16,17 (*)Kedumba: Wentworth Falls - Kedumba Ck - Mt Solitary - Ruined Castle - Scenic Railway - Katoomba. 28 km Medium. Maps: Jamison & Katoomba 1:31680. Train: 12.45 (Sat afternoon) (C) Tickets to Katoomba. A very popular Saturday afternoon start test walk offering excellent views of the Jamison & Kedumba Valleys & Narrow Neck and a luxurious ride up to Katoomba on the scenic railway. Leader: Ian Debert PHs: 649 8676 (H) 649 0281 (B)
15,16,17 (*)Grose Valley:Bell Station - Hartley Vale - Surveyor Ck - Grose R - Blue Gum - Junction Rock - Govett's Leap - Blackheath. 27km Medium. Maps: Mt Wilson & Katoomba. Cars to Blackheath Friday night and train to Bell Station, camp on ridge at Hartley Vale. Good creek and river walking, and camp site and a rather steep climb up to Govett's Leap. Leader: Vic Lewin 504096 (H).
22,23,24 (*)North Budawangs: Nerriga Road - Corang River - Corang Trig - Bibbenluke Walls - Square Top Mt - Nerriga Road. A Test Walk. 40 km Medium. Maps: Corang 2” Nerriga 1.50000. Friday night camp on Nerriga Road where it crosses Corang River. A very popular walking area with an unusual route. Leader: Don Finch (now in Canberra). Contact Spiro Hajinakitas 6812000 (B) 3571381 (H).
23,24“Coolana” Working Bee: Kangaroo Valley. A pleasant week-end (or Sat or Sun) at the Club's own land “Coolana” in the Kangaroo Valley. Help required to finish the hut in time for the barn dance to be held on the last weekend in November. Camp in the hut or on the lush green river flats. Leader: George Gray 866263 (H)
Sunday 24 (*)Blue Labrynths: Faulconbridge - Victory Track - Glenbrook Ck - Glenbrook. 20 km Medium. Map: Blue Labrynth Tourist. Train 8.10 am C. Test Walk. Mainly track walking through the lower Blue Mts. Leader: Hans Beck 7980103 (H).
Long Weekend Sept. 29,30 Oct. 1,2 (*)Kanangra: Cloudmaker - Tiwilla - Butcher's Ck Kowmung R - Gingra Ridge - Kanangra Walls. 55km Medium. Map: Yerranderie. A 3 day test walk covering a lot of traditional weekend walking area with no scrub bashing. Pleasant creek and ridge walking - good campsites. Kanangra 3/4 hour past Jenolan. Leader: Peter Miller 952689 (H).
Sept. 29,30 Oct. 1,2 (*)Nth Budawangs: Base Camp at Yadboro - 3 day trips. 1. 9 am start - Davidson Head - Sculptural Caves - Hume Head - Pidgeon House Mtn (stay for supper) 15 km Medium. A test walk. 2. 7.30 am start - Dead Man's Gulph Rd - Pickering Pt - Byangee Walls (traverse) - Castle Gap (climb/descent) Castle Ck Ridge - Yadboro Flat. 18 km Medium. A test walk. 3. Pidgeon House Ck - Swimming 10 km Easy. Maps: Corang & Milton. Leader: Victor Lewin 504096.
Sept.29,30 Oct.1,2 (*)Turon River: Sofala - Turon R - Macquarie River. 60 km Medium. An unusual three day test walk. Cars to be driven to Sofala. Explore the interesting old Chinese mining relics. Quite a lot of river crossing is anticipated. Leader: Brian Hart. Bus. Phones: 723447, 721262.

(*) indicates a Test Walk

(++) indicates harder than a Test Walk

All train times are from Central Station. E = Electric, C = Country.

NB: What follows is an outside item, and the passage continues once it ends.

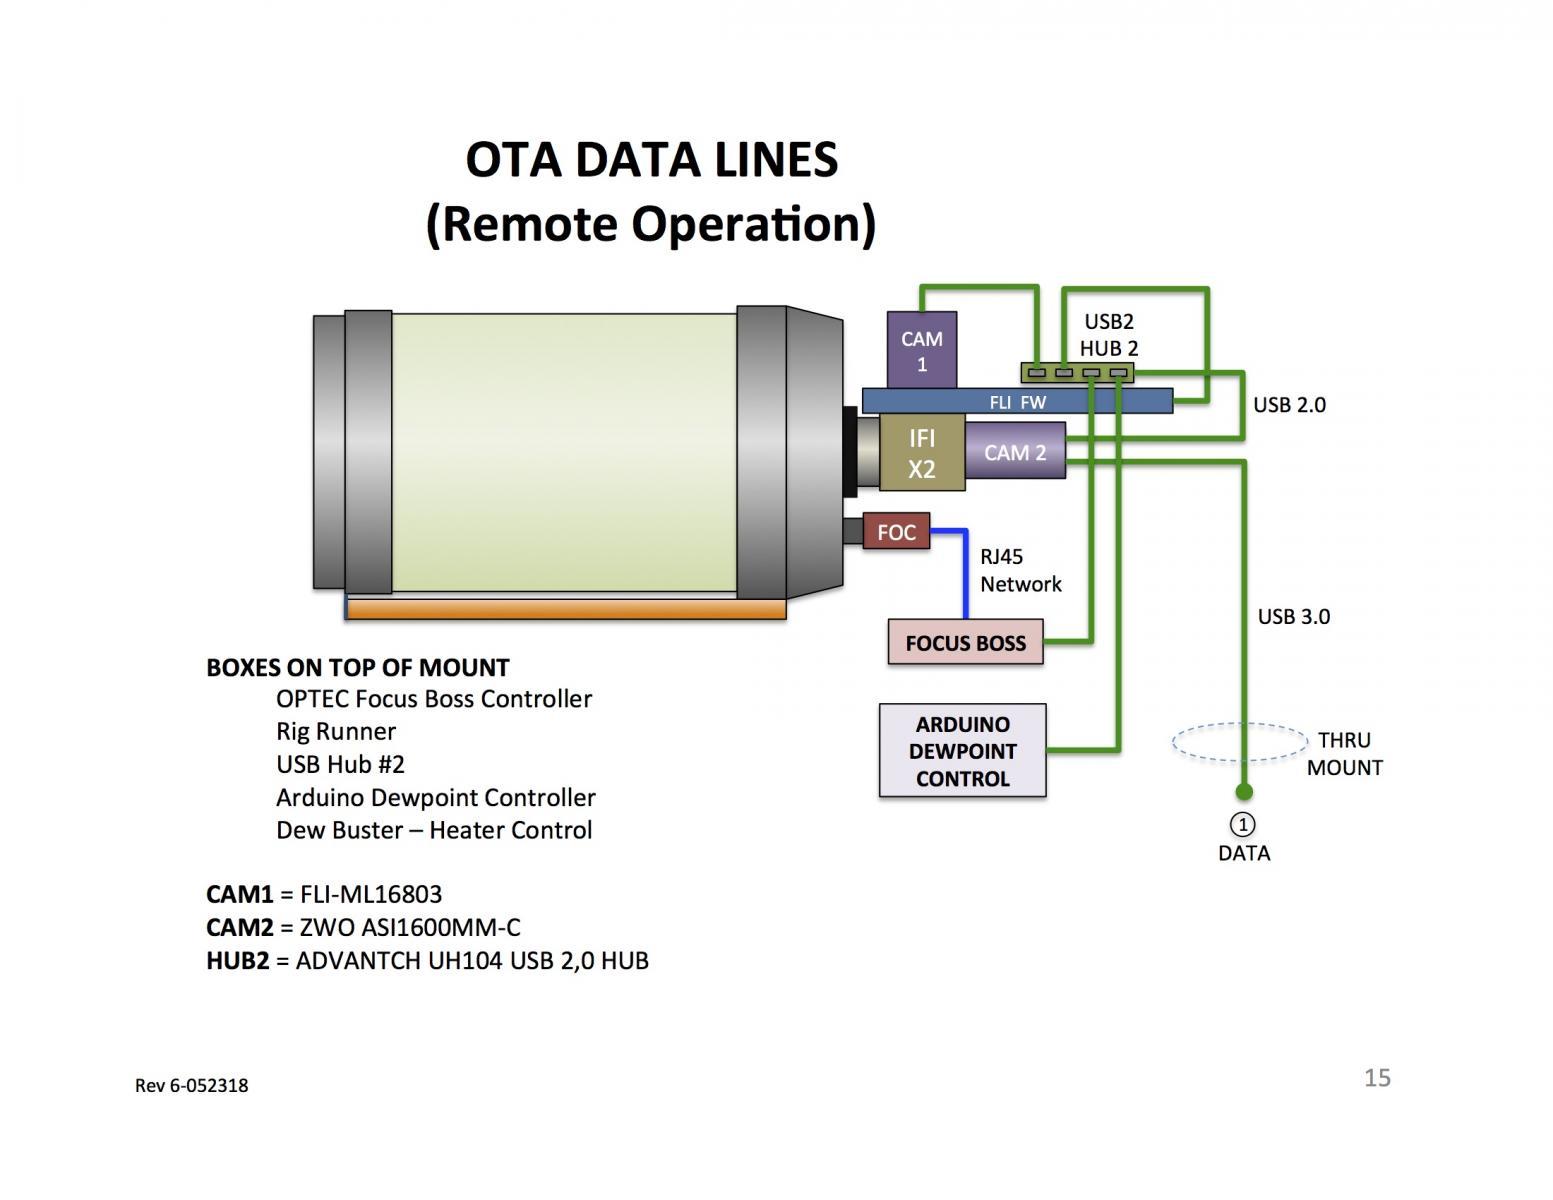 0FA07 C14 Wiring Diagram | Digital Resources on c80 wiring diagram, harley davidson wiring diagram, c36 wiring diagram, plug wiring diagram, a20 wiring diagram, a4 wiring diagram, c17 wiring diagram, d2 wiring diagram, c60 wiring diagram, wrangler wiring diagram, c10 wiring diagram, suburban wiring diagram, mustang wiring diagram, c61 wiring diagram, h3 wiring diagram, l3 wiring diagram, timer wiring diagram, motion sensor wiring diagram, a2 wiring diagram, relay wiring diagram,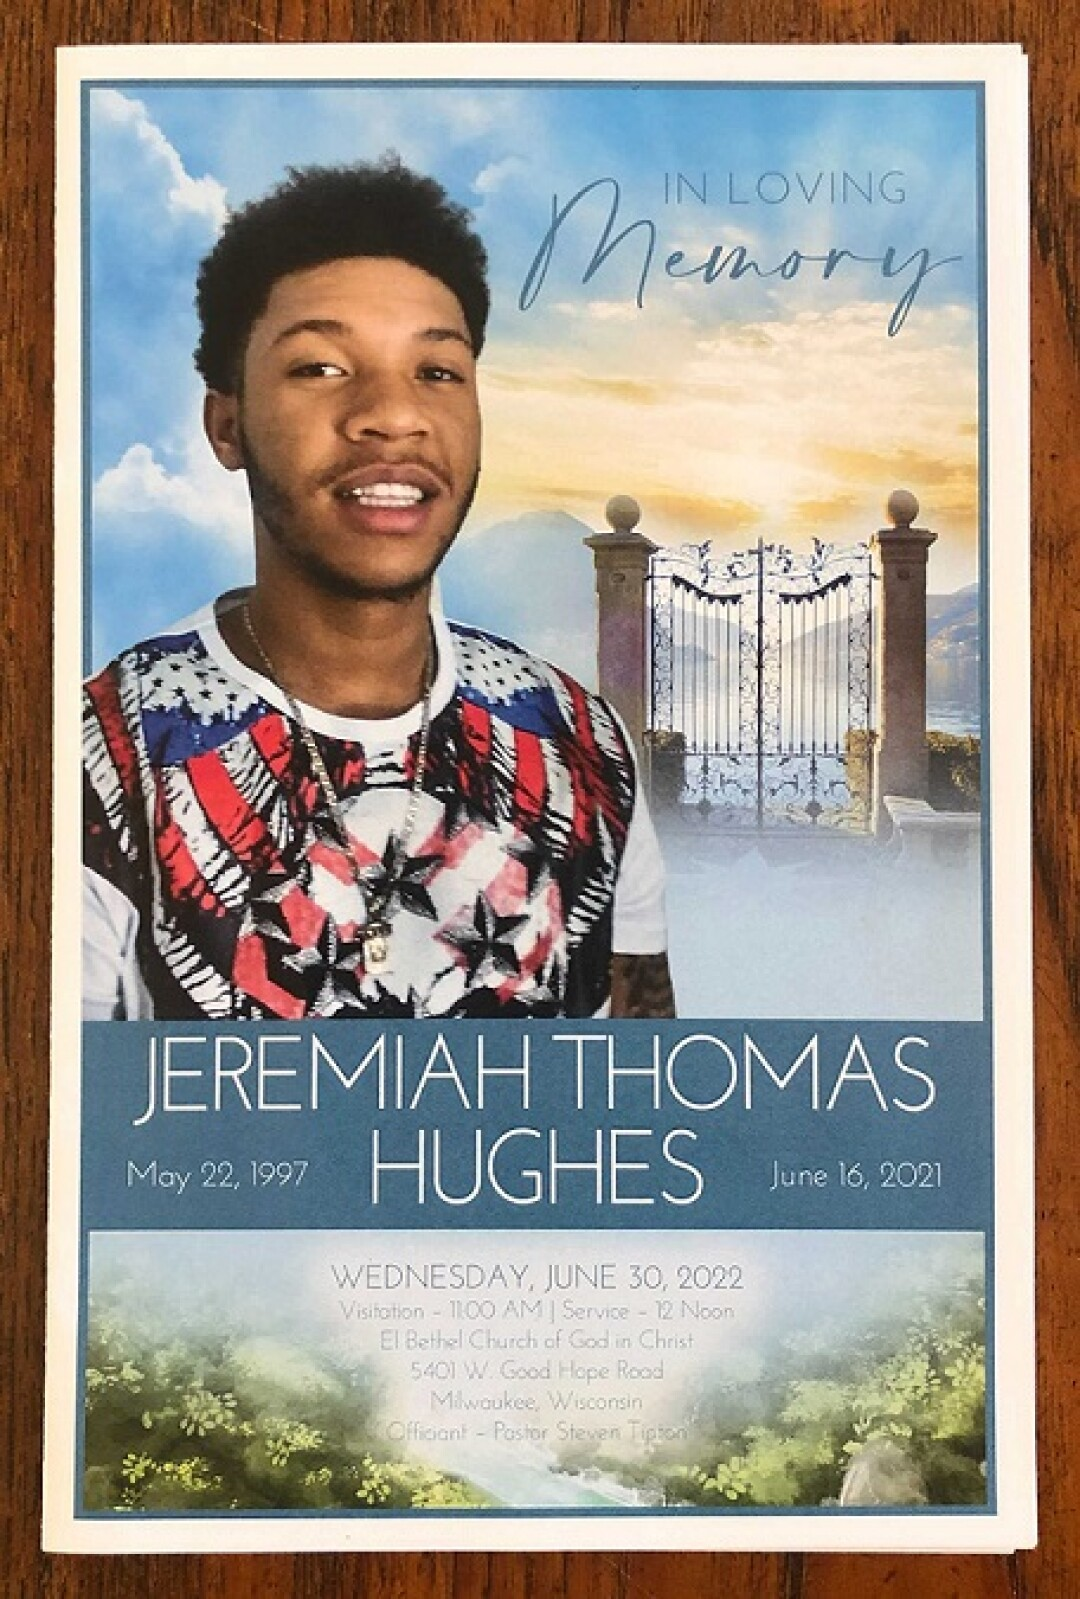 Jeremiah Hughes' obituary

All walks without transport details are private transport - contact leader for details.

Please note - vehicles are not expected to wait more than 15 minutes after pick-up time.

N.B. From about mid-September to end of October on each Sunday major changes in the railway time tables will have to be adopted due to proposed modifications to signalling system around Sydney. It is suggested that leaders and members using rail transport for day walks should make arrangements for each particular Sunday.